As someone with no experience writing a real lexer I started by reading a bunch of really dry tutorials in languages I don't really understand. The one thing they all seemed to have in common is that they check each character of the input string individually, which to me, seems tedious and unnecessary, so I decided to try it my own way, which turned out to be much, much simpler and shorter than implementations I found online.

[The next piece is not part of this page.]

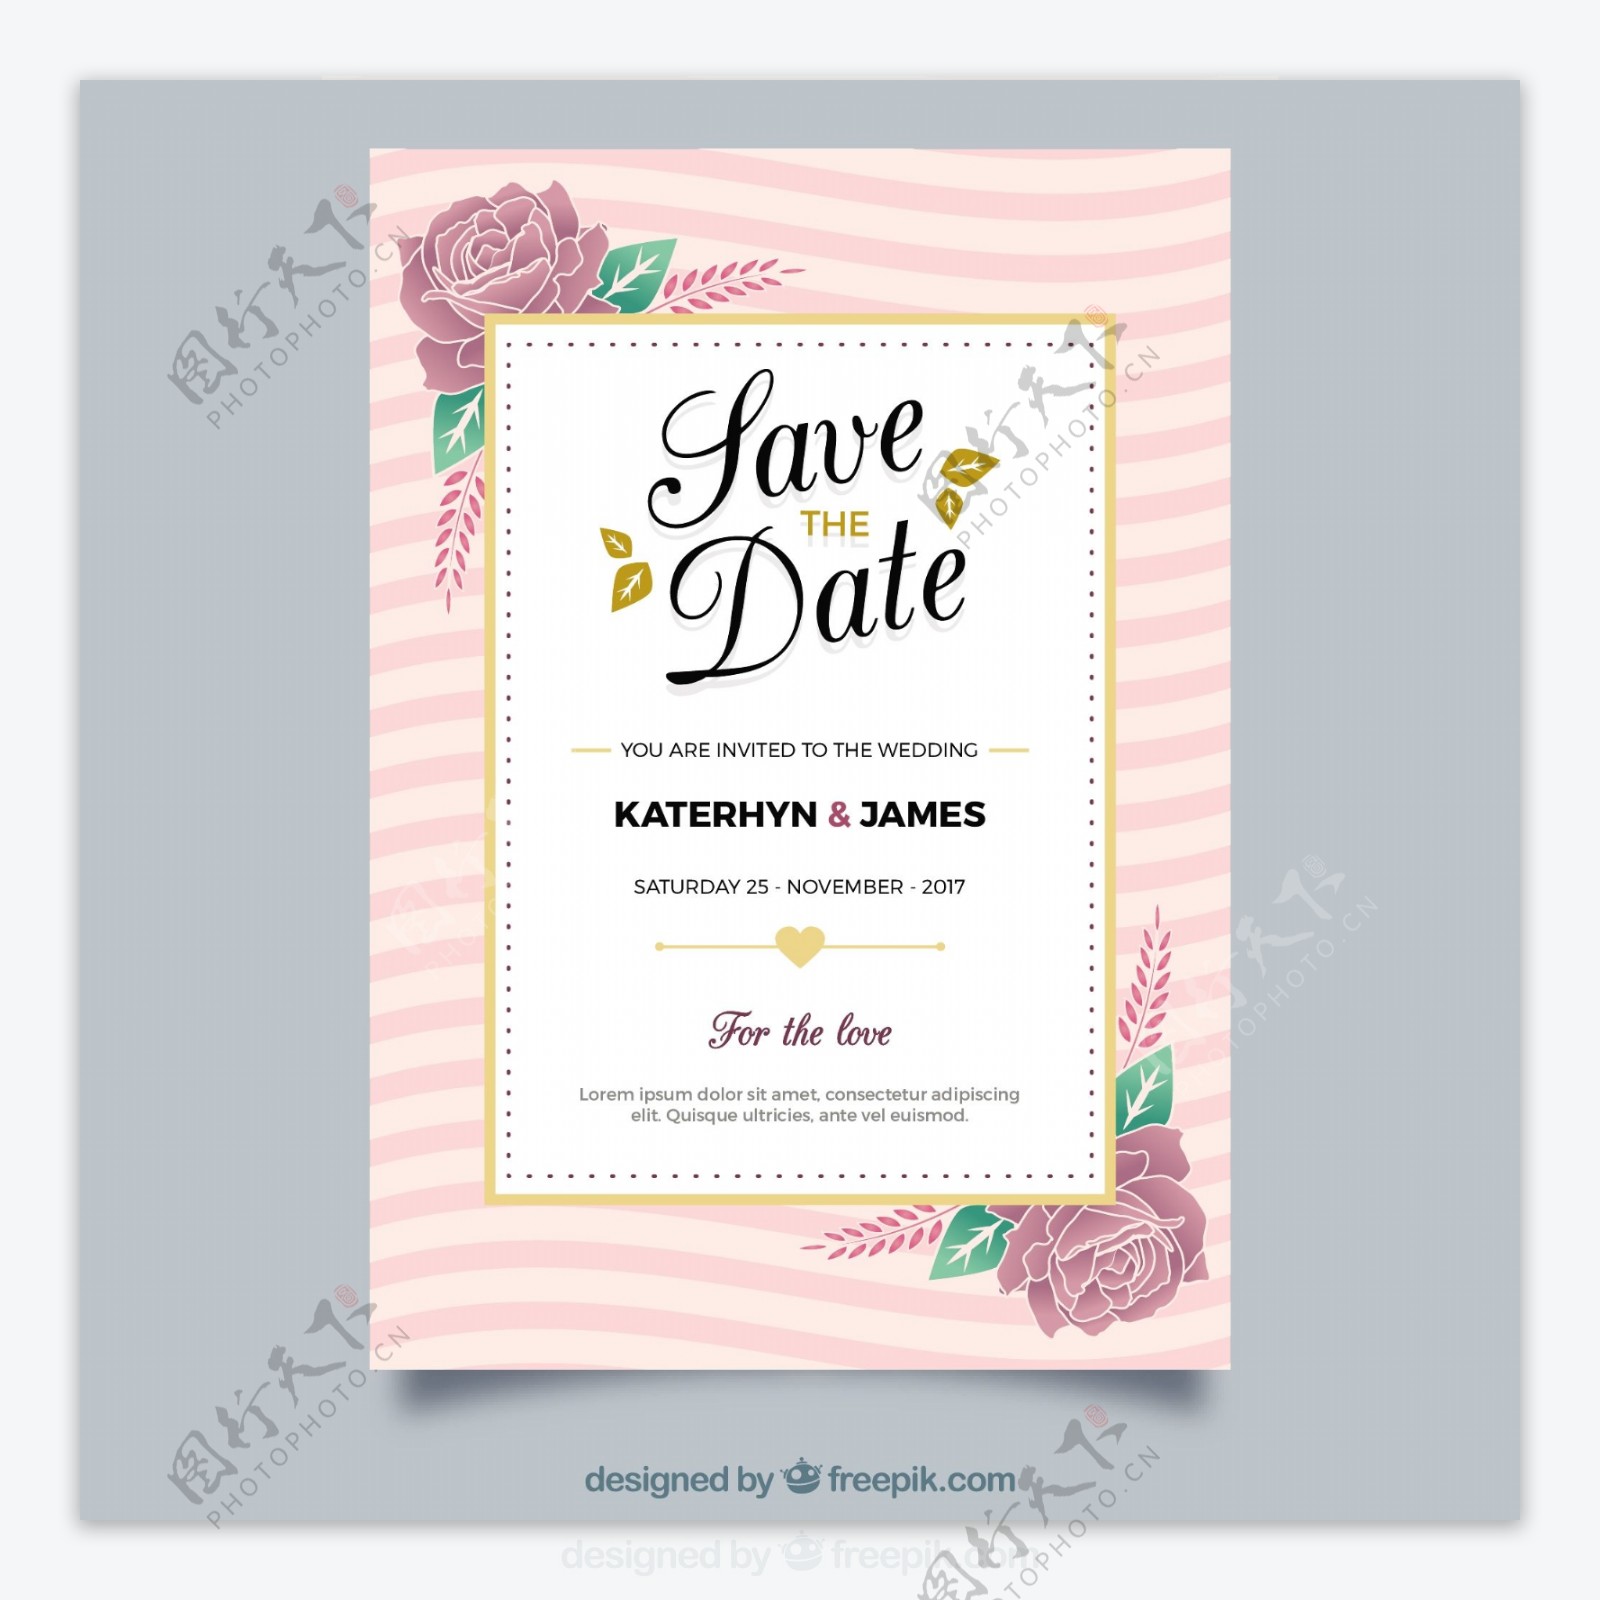 金色边框花卉插图粉红条纹婚礼邀请卡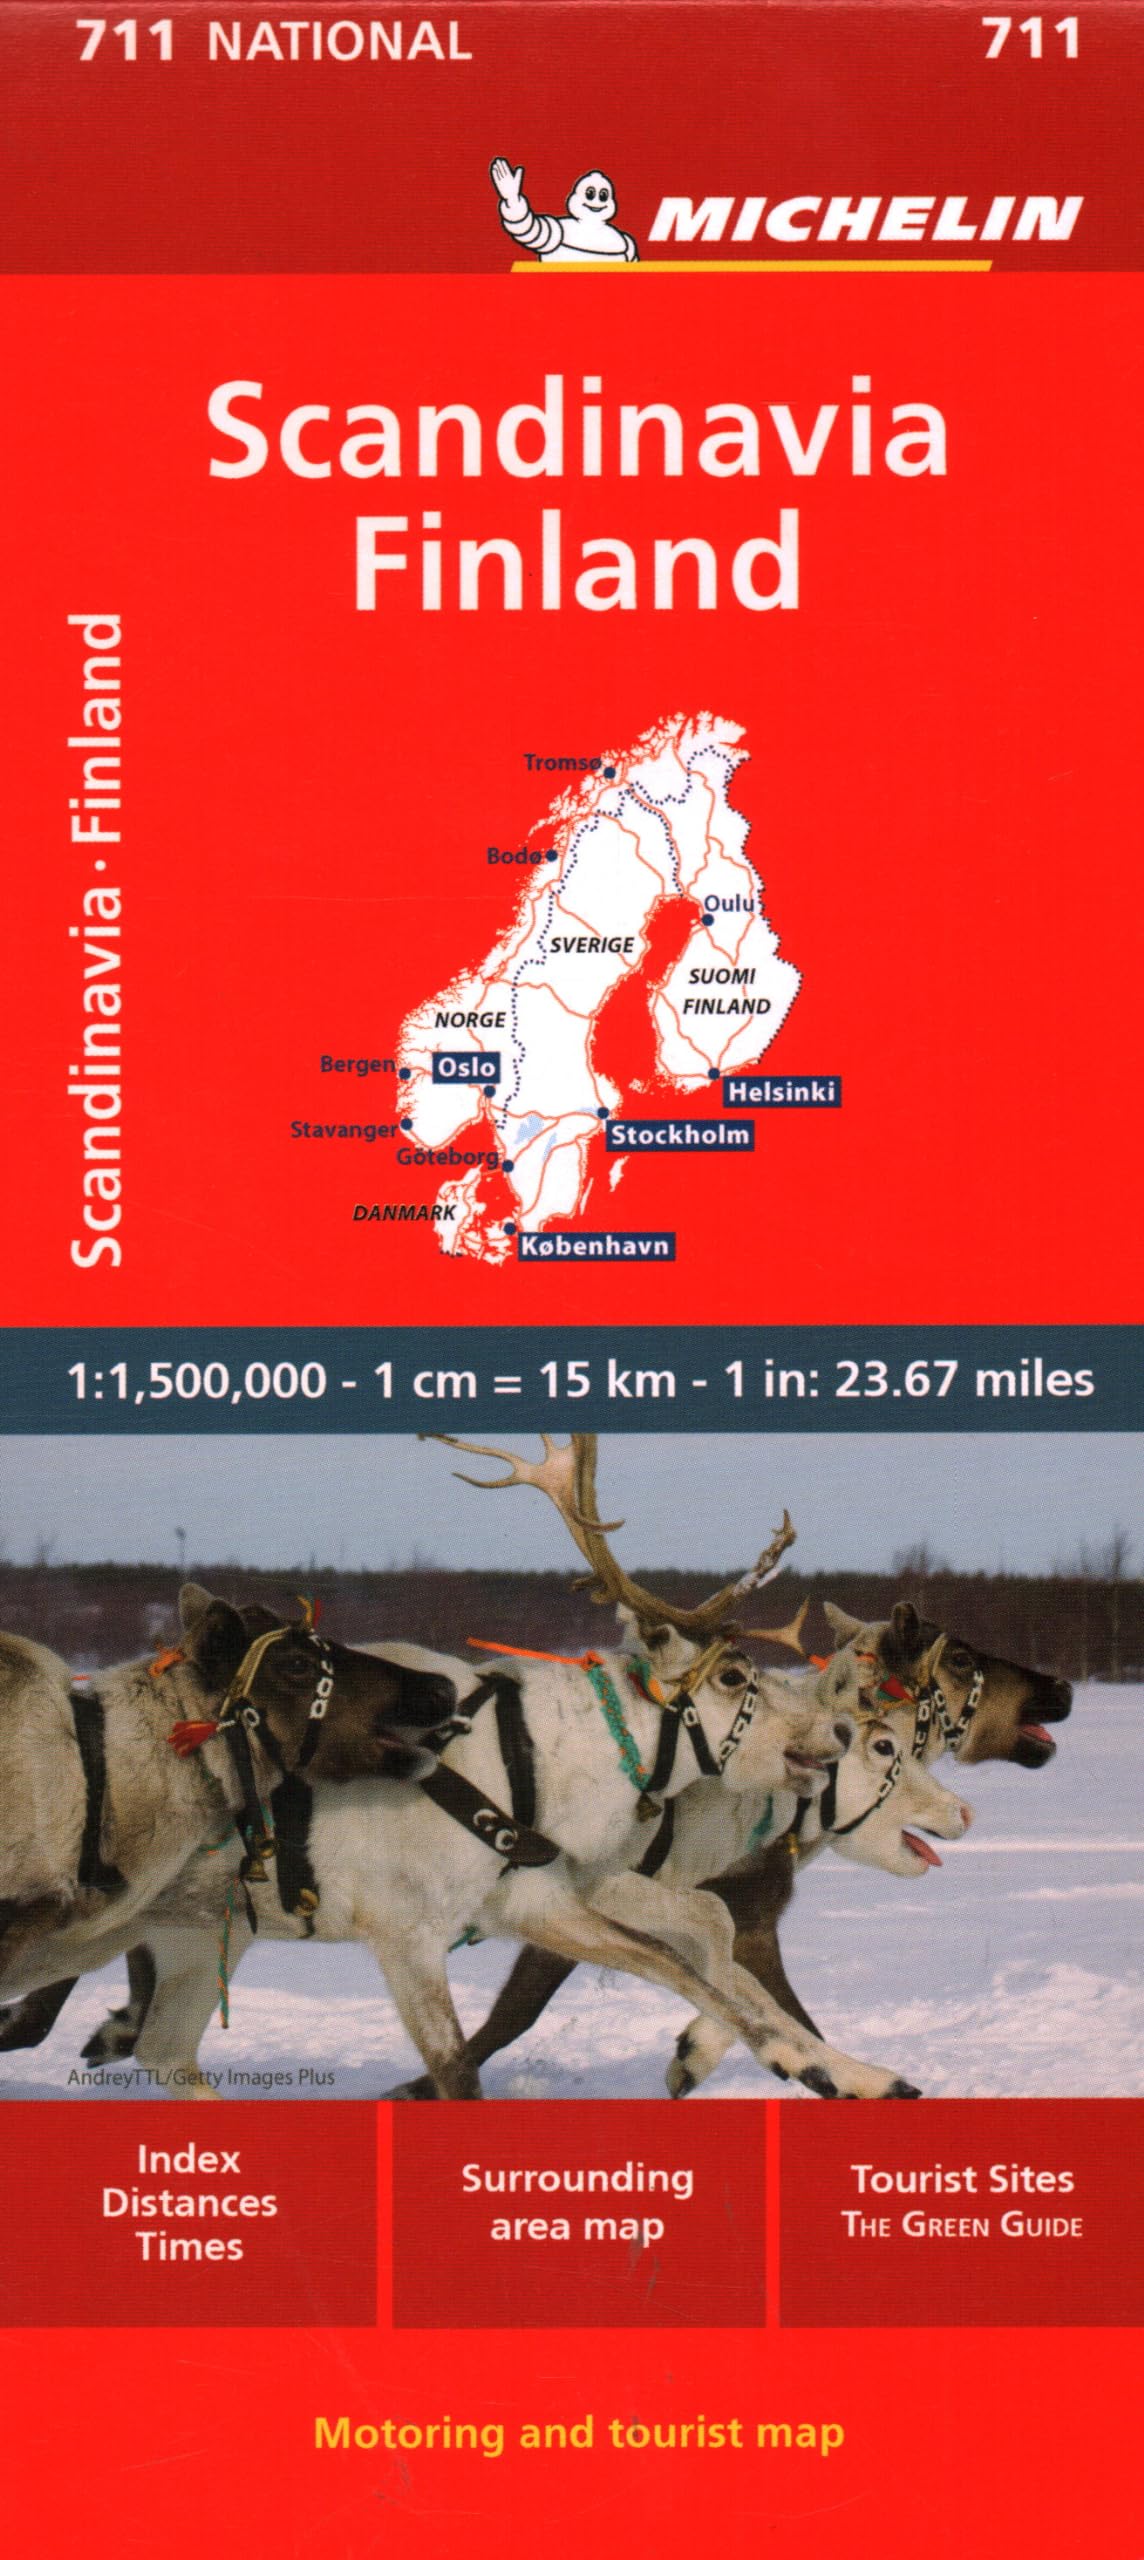 מפת סקנדינביה ופינלנד 711 מישלן

If my implementation is so much better then why aren't other people doing something similar? There must be something wrong with this algorithm, what is it?

My Method

  1. Have an array of Regex patterns that matches each token. Patterns are ordered by priority, for example, quoted strings come before numbers because numbers that are quoted are strings, not numbers.
  2. Loop thru each pattern and produce an array of arrays which contain all matches for every token (in the same order of priority). Each match contains:
    • The literal text that was matched
    • Its position in the input string
    • The type of token it matches (eg STRING or NUMBER)
  3. Loop thru each token match and string them together when one match begins exactly where another one ends, in order of priority.
  4. When a match is not found at the position where the last match ended check to see if length of all matched tokens === the length of the input string. If not, throw an error.

The Code

This demo will tokenize a string and show you the details for each token when you mouseover the word or symbol.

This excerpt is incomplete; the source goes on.